WORK ORDER:
Using the material below, print the line that contains "Scarlet Tanager (M212)", the line that contains "Music Linkin Park", and every line in between, exactly and nothing else.

MATERIAL SUPPLIED:

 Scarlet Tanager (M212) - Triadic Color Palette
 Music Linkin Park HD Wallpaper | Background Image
---
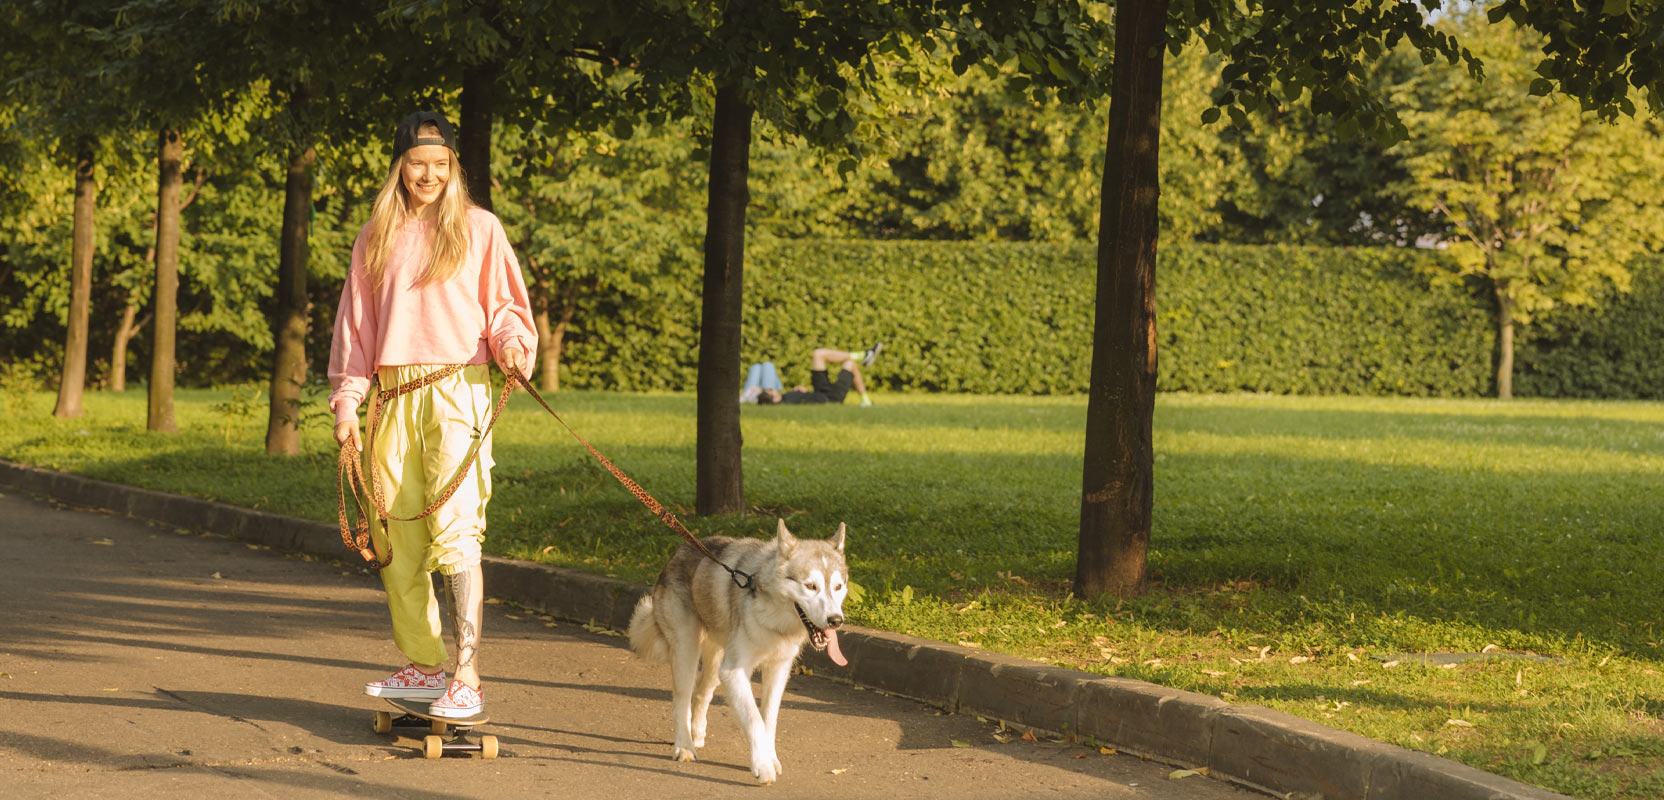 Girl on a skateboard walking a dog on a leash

TASK OUTPUT:
 Scarlet Tanager (M212) - Triadic Color Palette
 Music Linkin Park HD Wallpaper | Background Image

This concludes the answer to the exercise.